Spoiler: The superheroes are fighting Professor Chaos (Butters), whose team, working out of a shell of a failed Circuit City, is “doing what Facebook was designed to do”: Sow wild online lies to tear at the very fabric of society.

Coon and Friends reach the point of desperation when such lies scuttle their series project idea, even at the streaming-service offices where the phones are answered: “Netflix, you’re greenlit!”
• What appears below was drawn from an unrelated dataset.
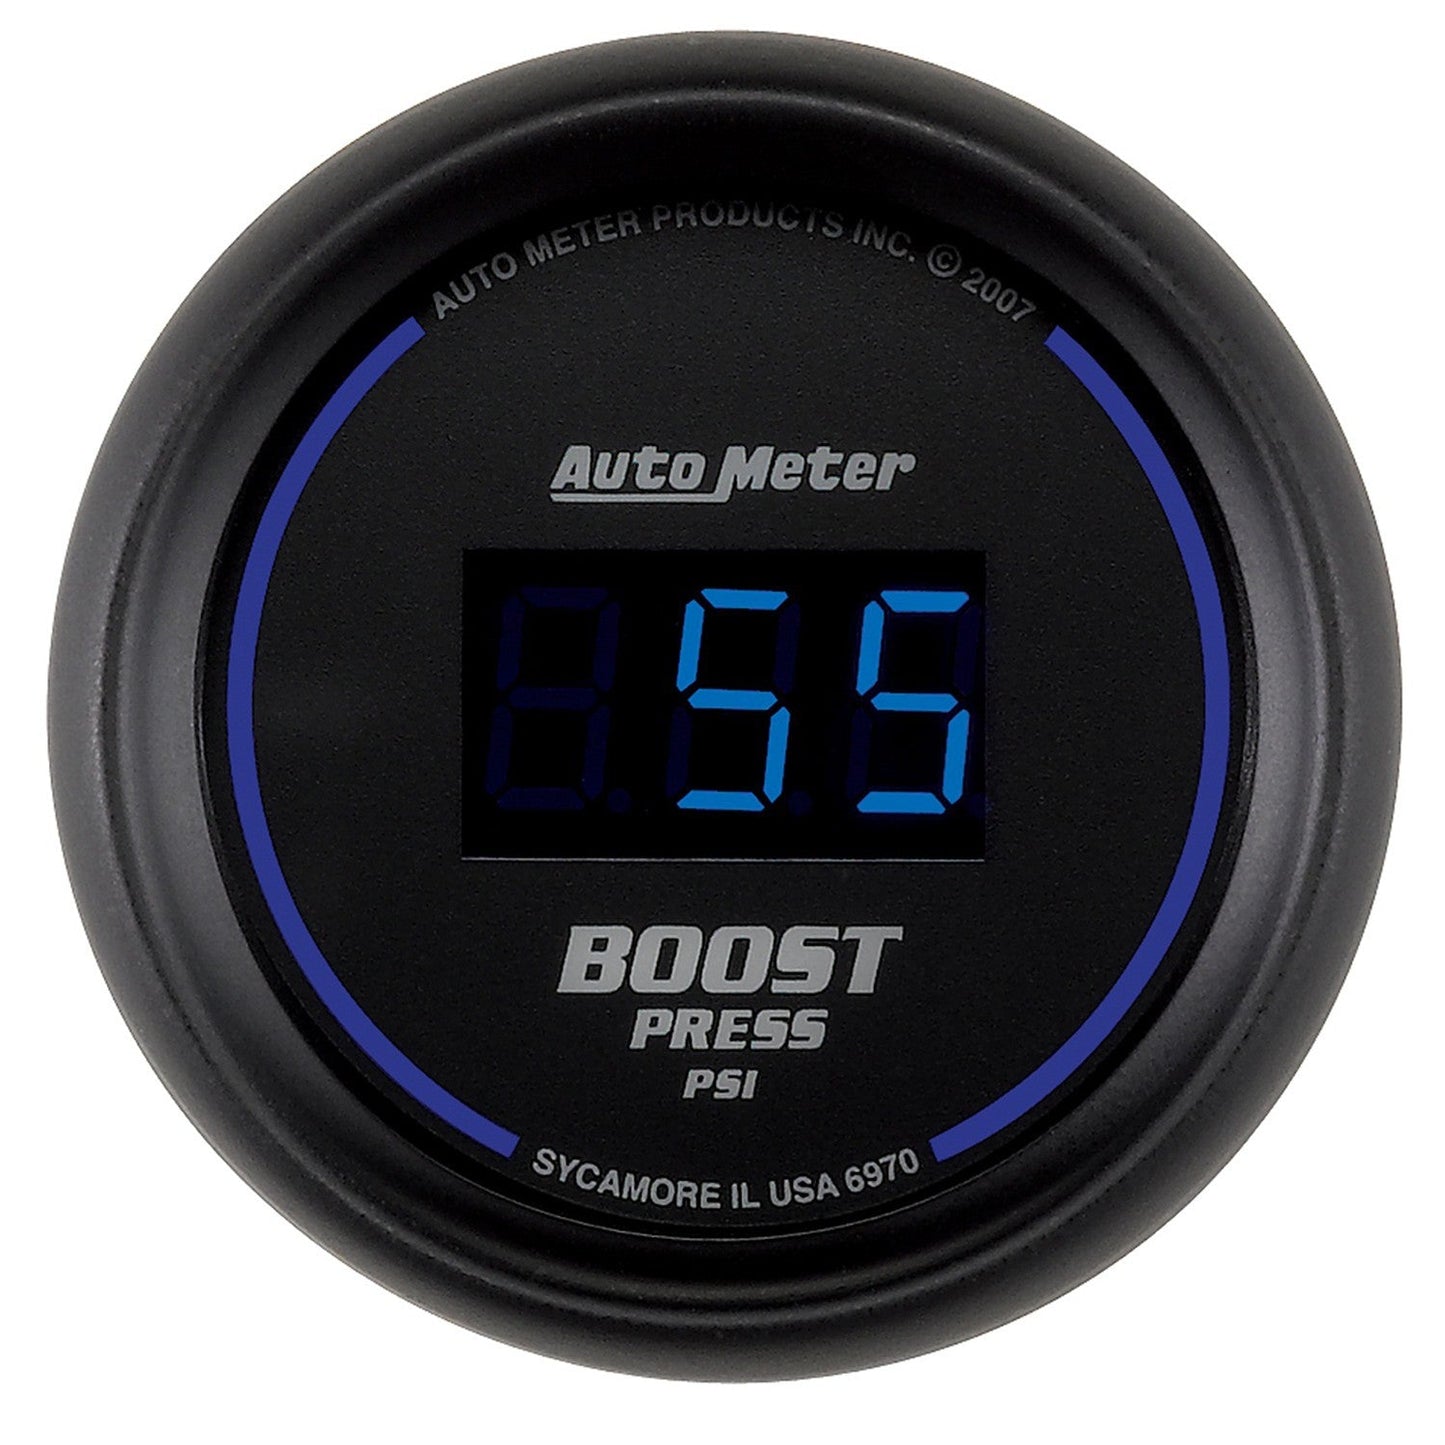 AutoMeter - 2-1/16" BOOST, 5-60 PSI, COBALTO DIGITAL (6970)
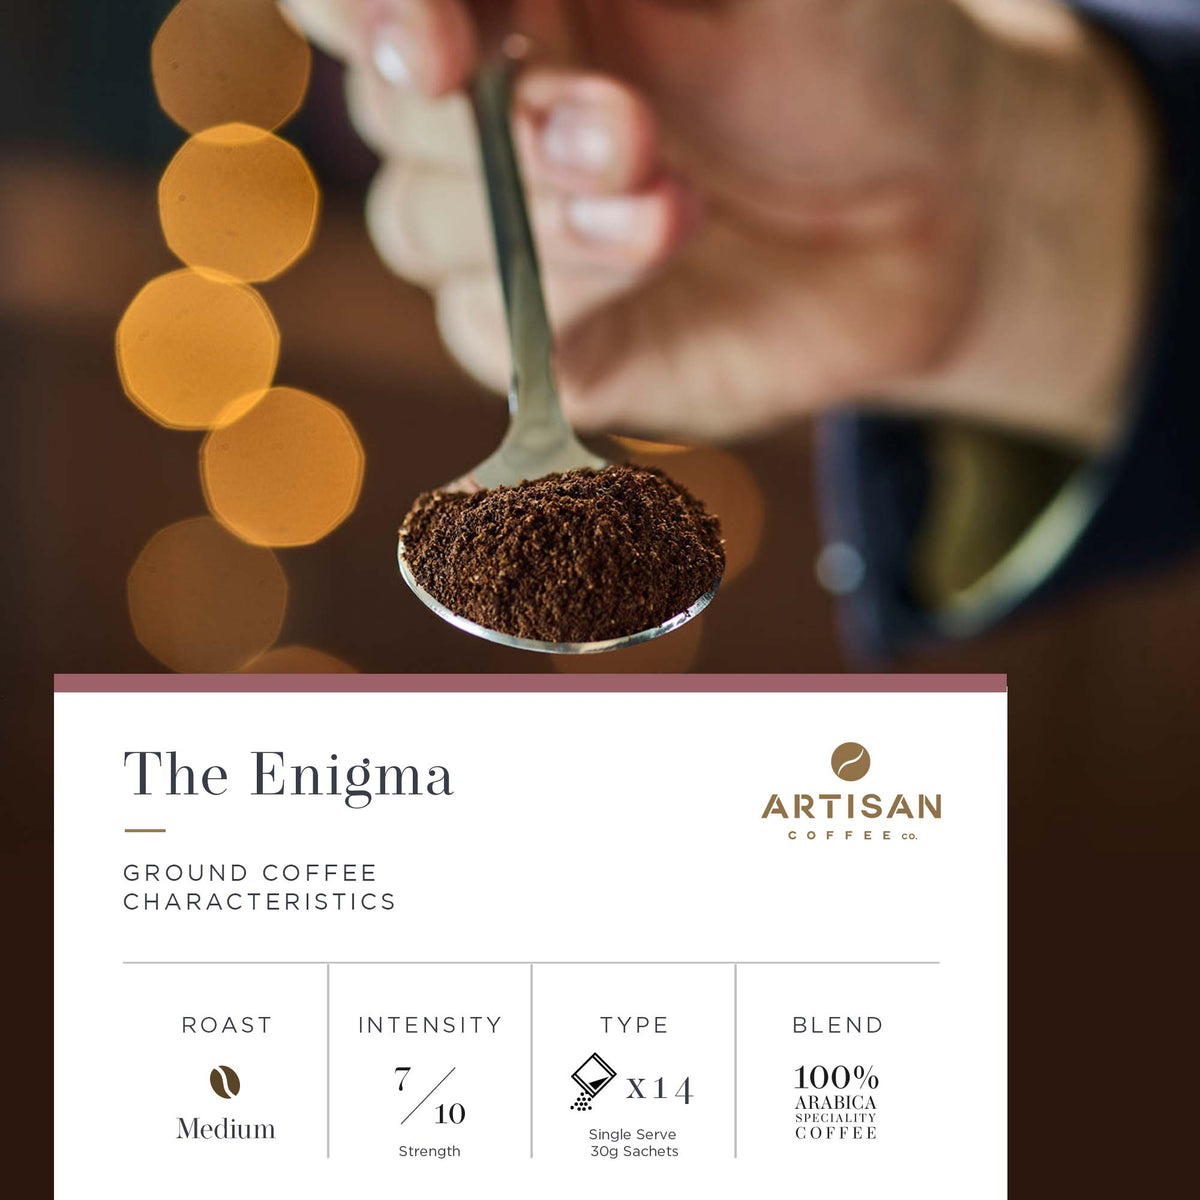 Artisan Coffee Co The Enigma ground coffee Infographic characteristics

The theme of the episode is “fake news” and flawed content, as the parents of “South Park” worry that social media is corrupting their kids, who “lack the cognitive ability” to separate fact from fiction online. Yet it’s the grown-ups who are easily duped. Based on fake news they read on their Facebook feeds, they believe their kids capable of acts so twisted that Coon and Friends deflect by saying they’re “not Harvey Weinstein.” And the parents blindly call in the services of Facebook founder Mark Zuckerberg, unaware that the character who shows up is an awkwardly robotic figure who’d be at home in “Dragon Ball Z.”

Once Professor Chaos/Butters is apprehended, his punishment involves a trip to see Russian leader Vladimir Putin, here a master of exploiting platforms for fake political news.

Meanwhile, the kid superheroes must correct the boneheaded mistake of their elders by physically taking out “Mark Zuckerberg.”

The episode brilliantly sends up a wide swath of online behavior — even as its spoof of digital dotard-age works in service of promoting a digital game.

And that might be the most devishly brilliant twist of all.